So does that Make Damon, Sabas and Rasheed the Apple Core?


----------



## Kmurph (May 7, 2003)

I had my criticisms about Whitsitt, but bottom line he was one of the better GM's at acquiring talent. I would criticize him for not seeing the forest through the trees (ie focusing more on talent than attitude) but overall he was a very adept GM. I have to say, I am more apprehensive about POR future than optomistic. 

Let's hope, beyond Hope that Jordan, Magic, Drexler ARE NOT our next GM, or we could be in for a big time collapse.

My biggest concern is who is out there to replace him? I see no GM out there I would feel comfortable with, and THAT concerns me. Especially, on what I feel is our biggest offseason to date. 

I hope those of you who bashed Whitsitt and called repeatedly for his firing remember the words "Be careful what you ask for" because the post-Whitsitt era could be VERY BLEAK. I hope this is not the case, but w\o a clear GM out there, it is a cause for concern.

Paul DO NOT hire Drexler!!!!


----------



## Swoosh (May 2, 2003)

> Originally posted by <b>Schilly</b>!
> 
> 
> So does that Make Damon, Sabas and Rasheed the Apple Core?

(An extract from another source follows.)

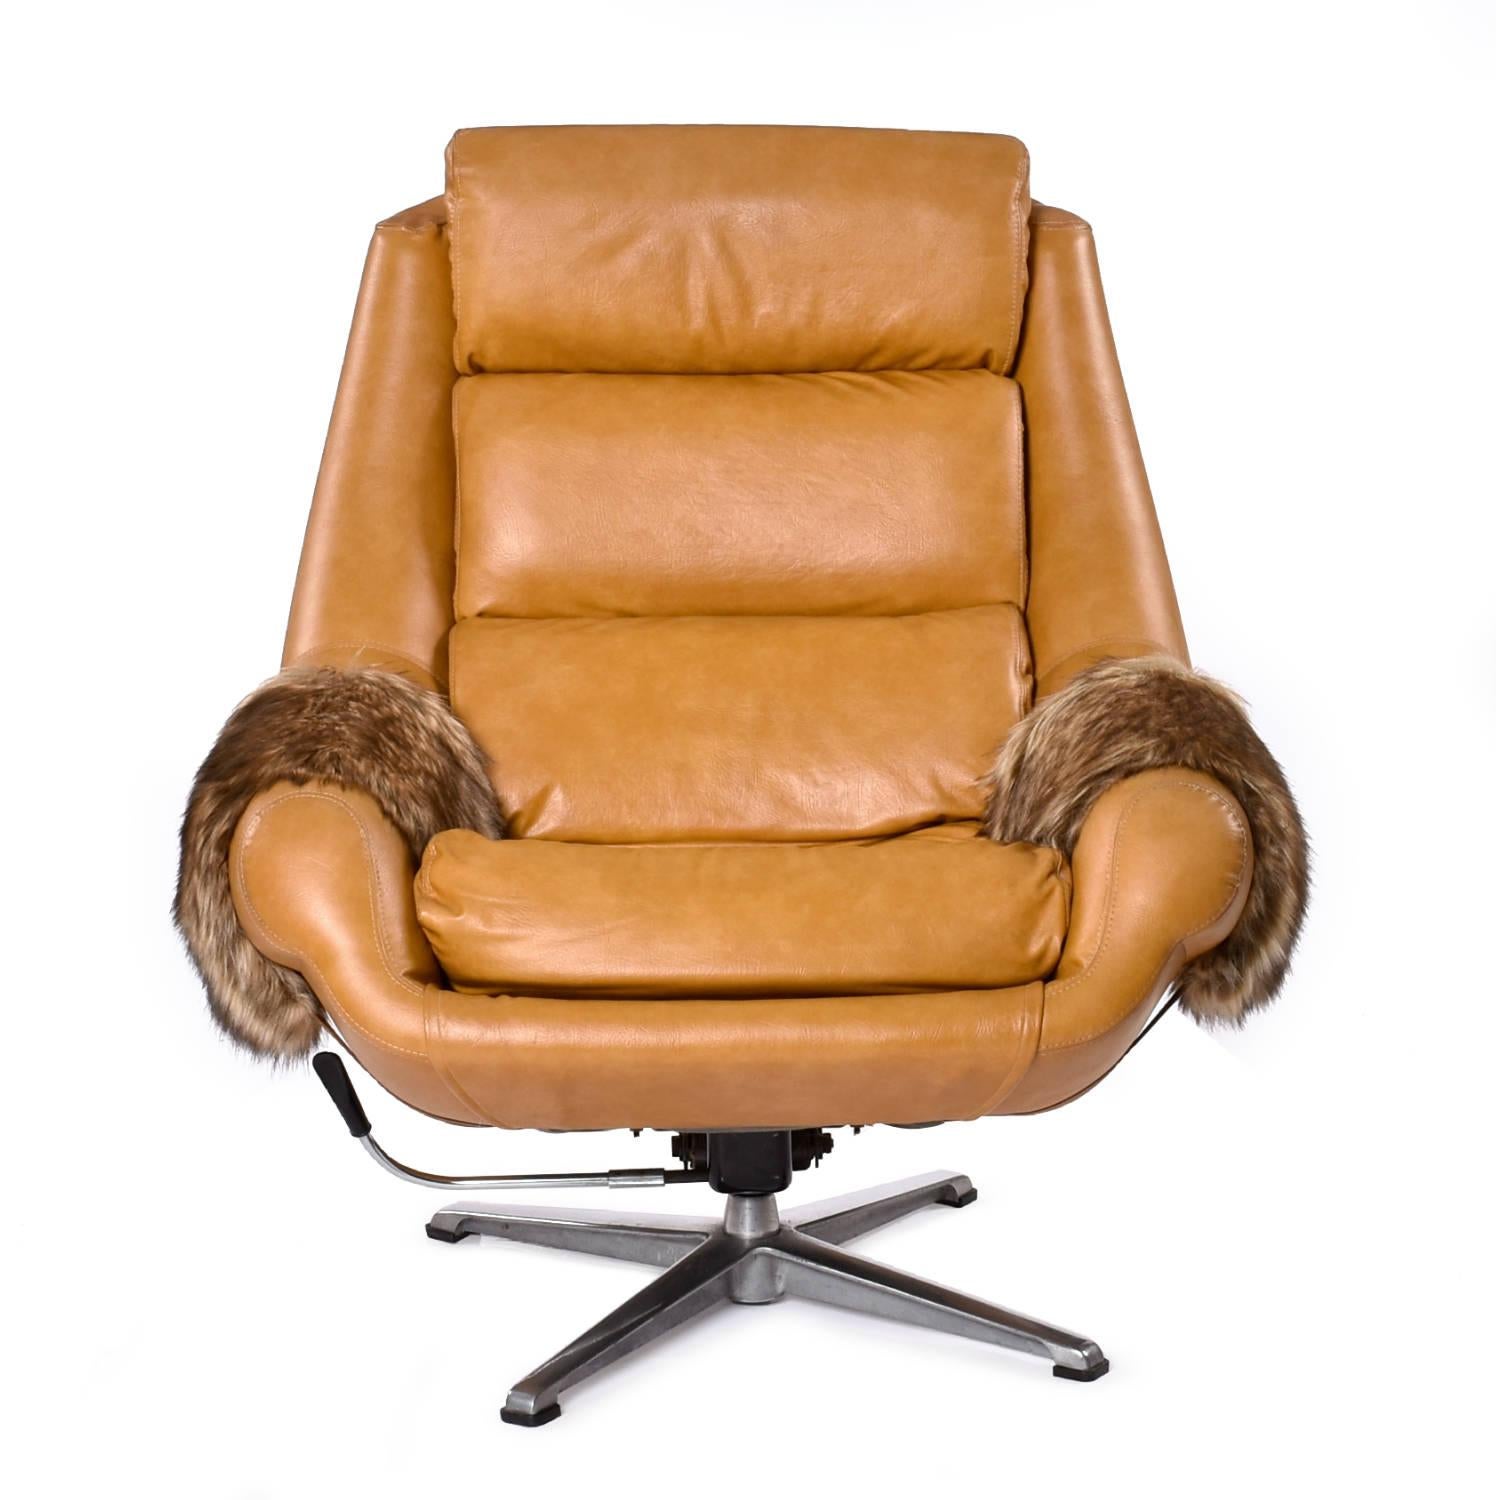 Swanky vintage 1970s pod chair recliner updated with new faux fur arms.   One of the arms had a rip, so we sealed the tear and wrapped the arms with faux fur to cover the blemish and make a bold statement.  This time capsule quality chair features

Or would that be the core and two bad seeds


----------



## Public Defender (May 5, 2003)

Well, Ed O, you make a good point. The Blazers haven't exactly gone topsy-turvy like the Grizzlies, but when the players come in, it's not like plugging them into a clear system, the way it is with other contenders. 

The Spurs have built their team around two players - D-Rob and Duncan. With everyone else having very clear roles when they come in. Shooters, stoppers, ball-handlers. Does it matter if it's Mario Elie or Bruce Bowen playing defense and taking open shots? No. 

The Lakers have built around two stars (Shaq, Kobe) and three role players (Fisher, Fox, Horry)... with the only position changing the almost irrelevant PF spot. When Mitch Kupchak goes after players, he knows where they're going to land in the system. 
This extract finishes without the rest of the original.